> **What you are asked to do**
Repeat what the lines below say, word for word, and skip every image.
** Opening The data block **
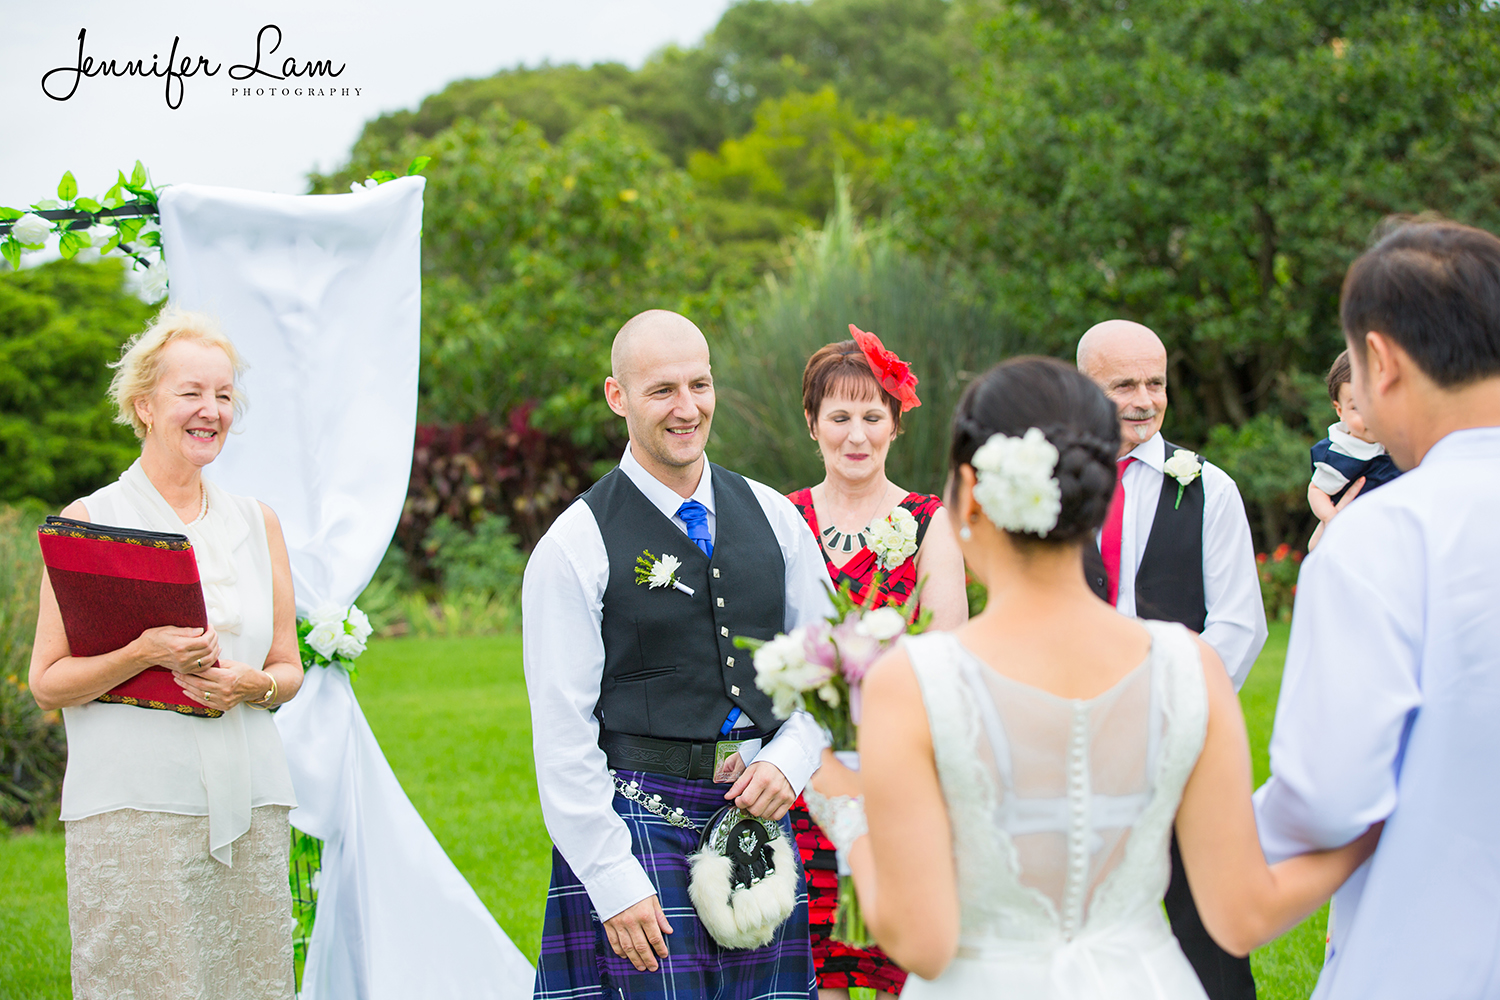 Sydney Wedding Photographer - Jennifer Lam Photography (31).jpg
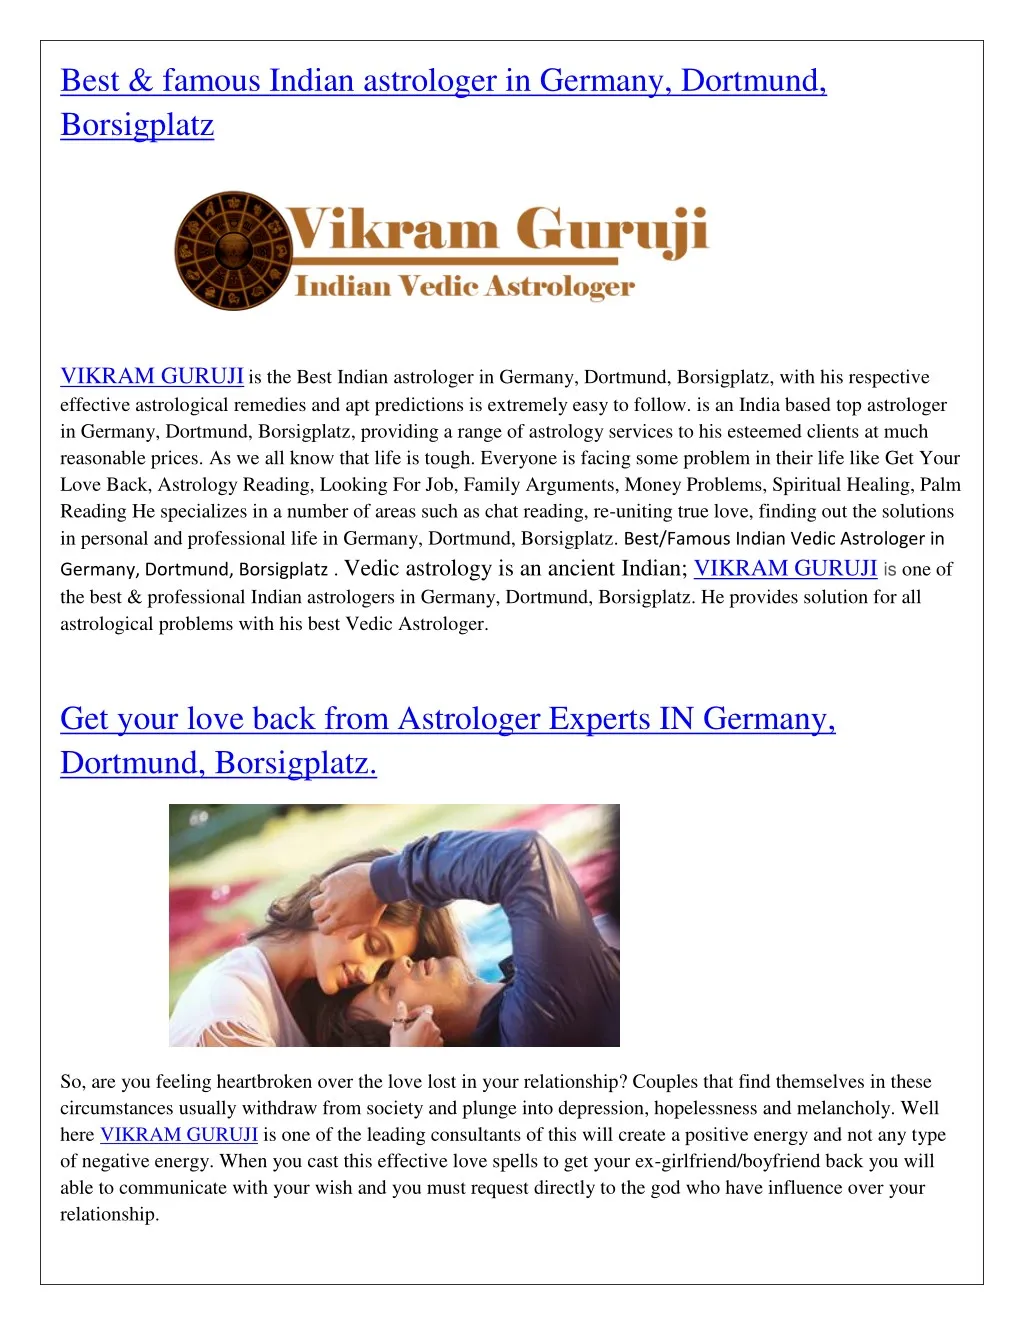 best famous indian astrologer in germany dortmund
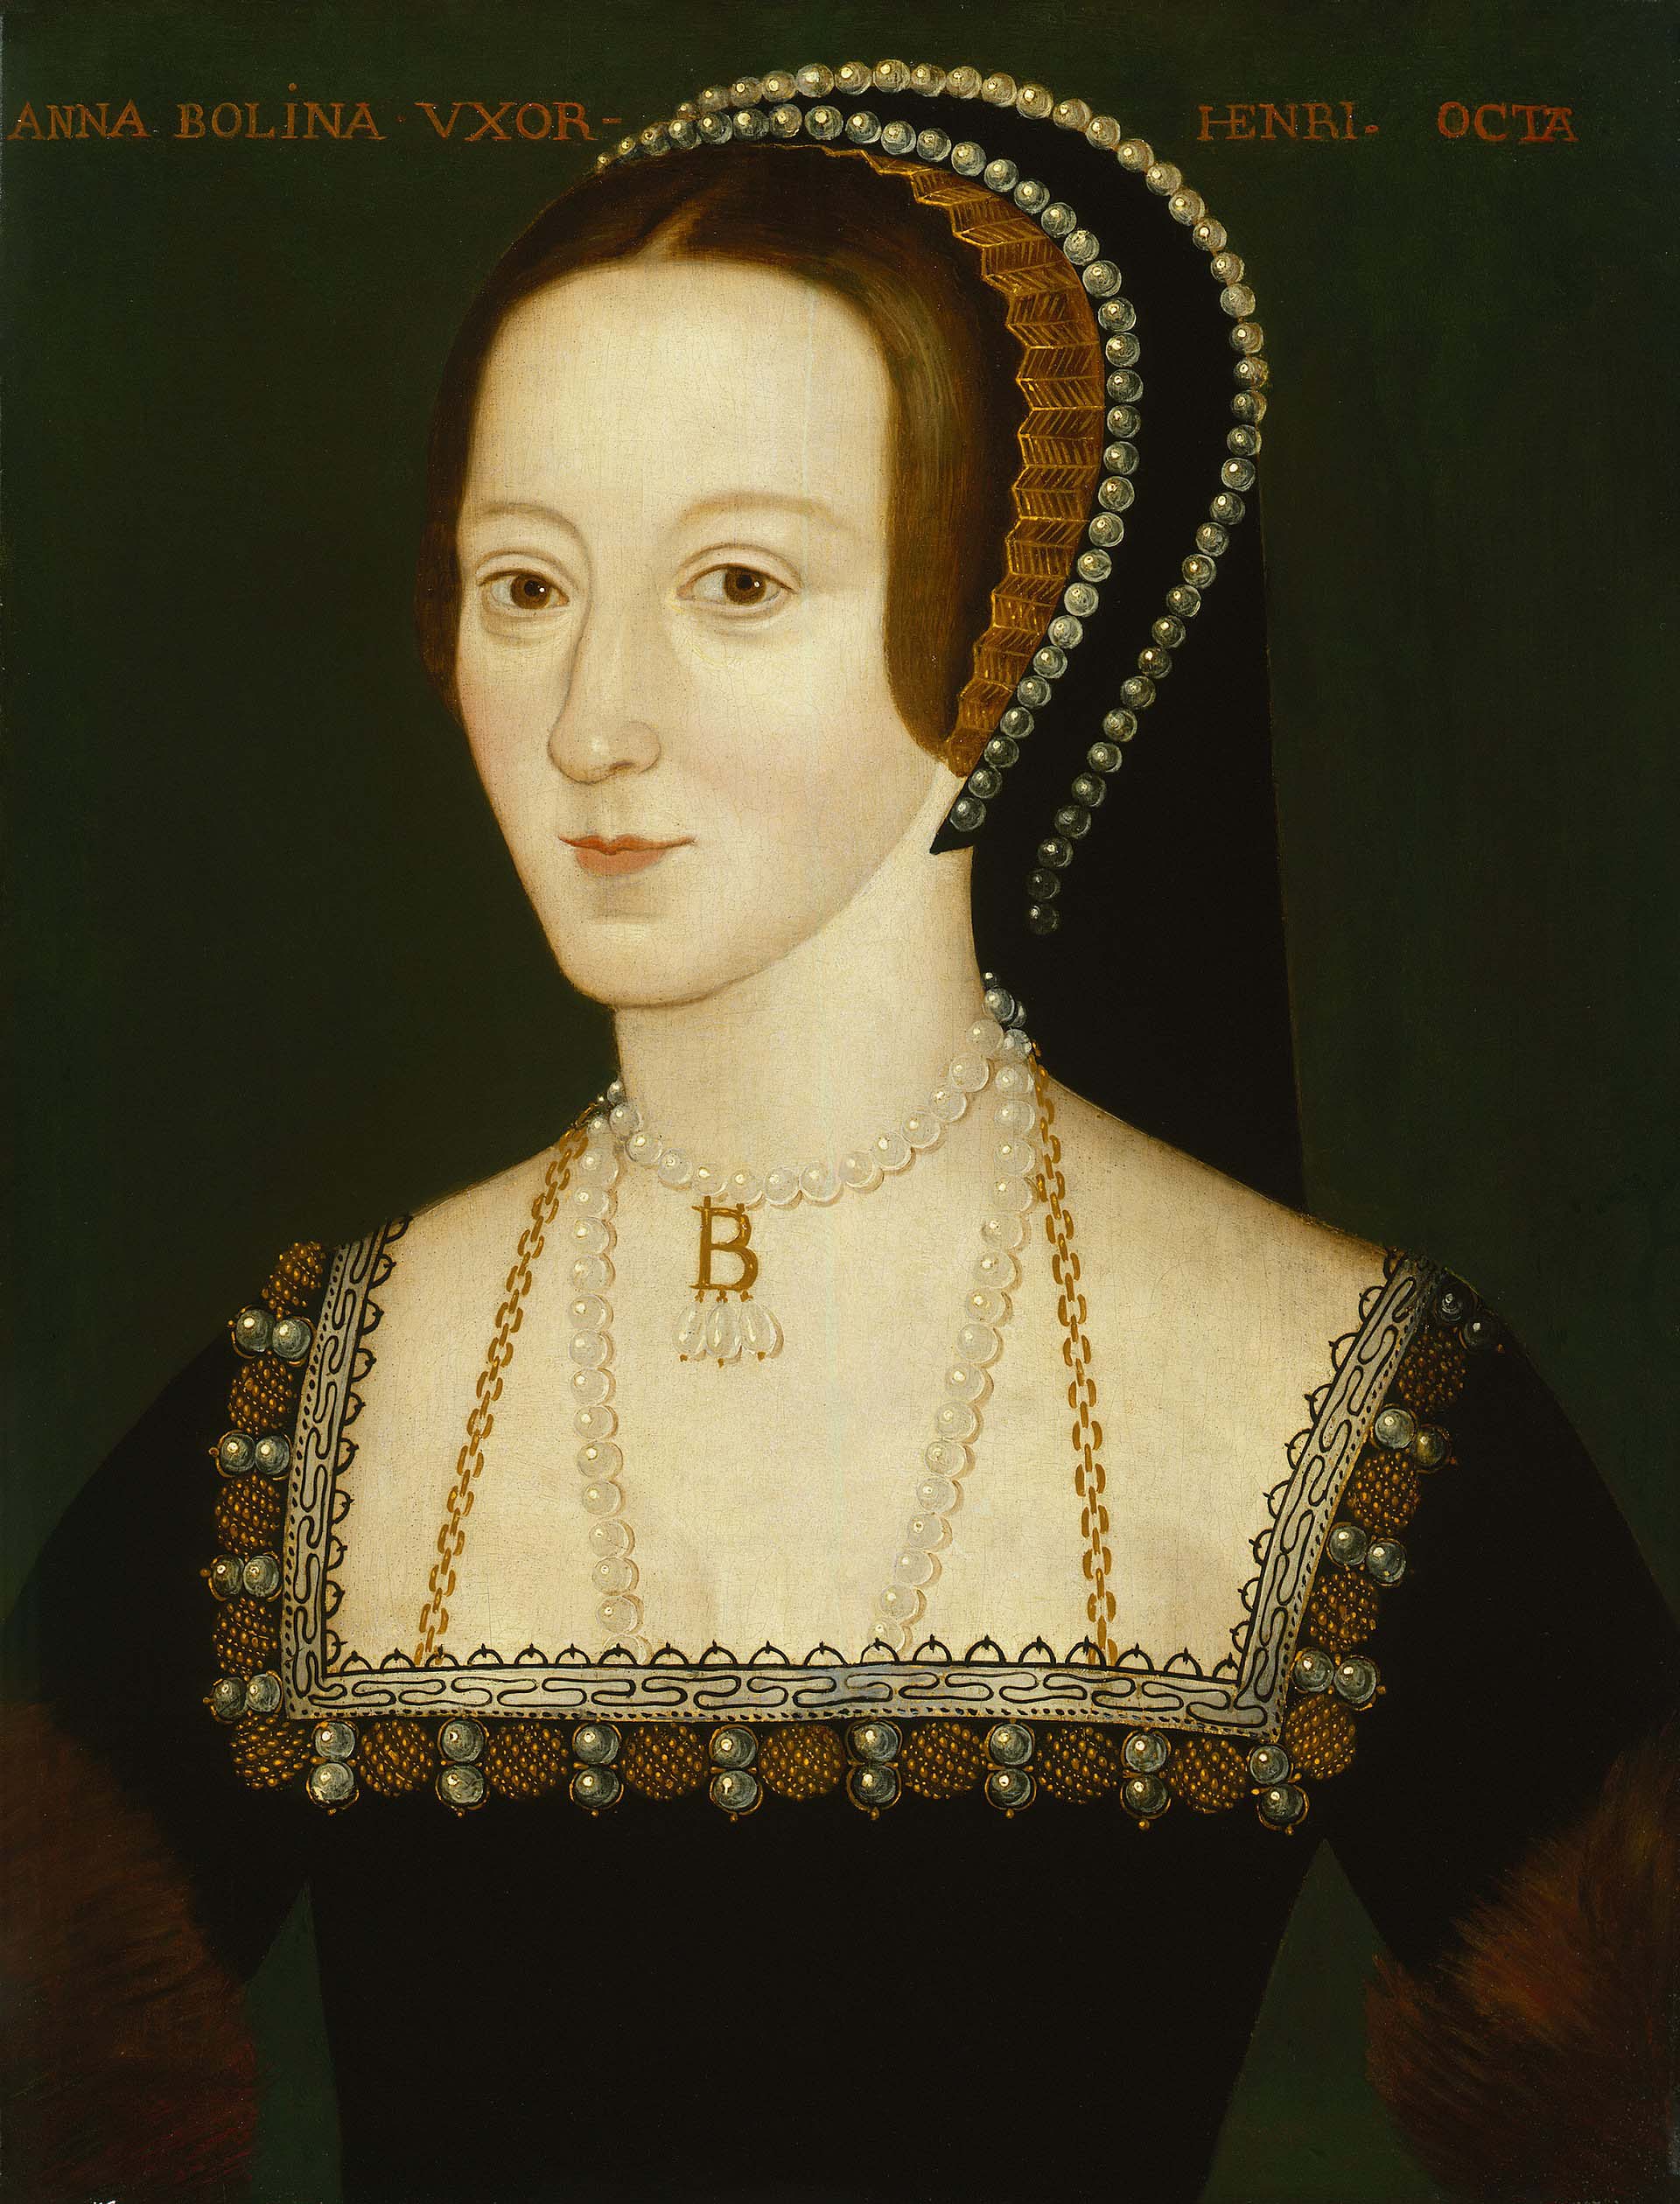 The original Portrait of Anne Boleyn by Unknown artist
** Closing The data block **
> **Answer below**
 Sydney Wedding Photographer - Jennifer Lam Photography (31).jpg
 best famous indian astrologer in germany dortmund
 The original Portrait of Anne Boleyn by Unknown artist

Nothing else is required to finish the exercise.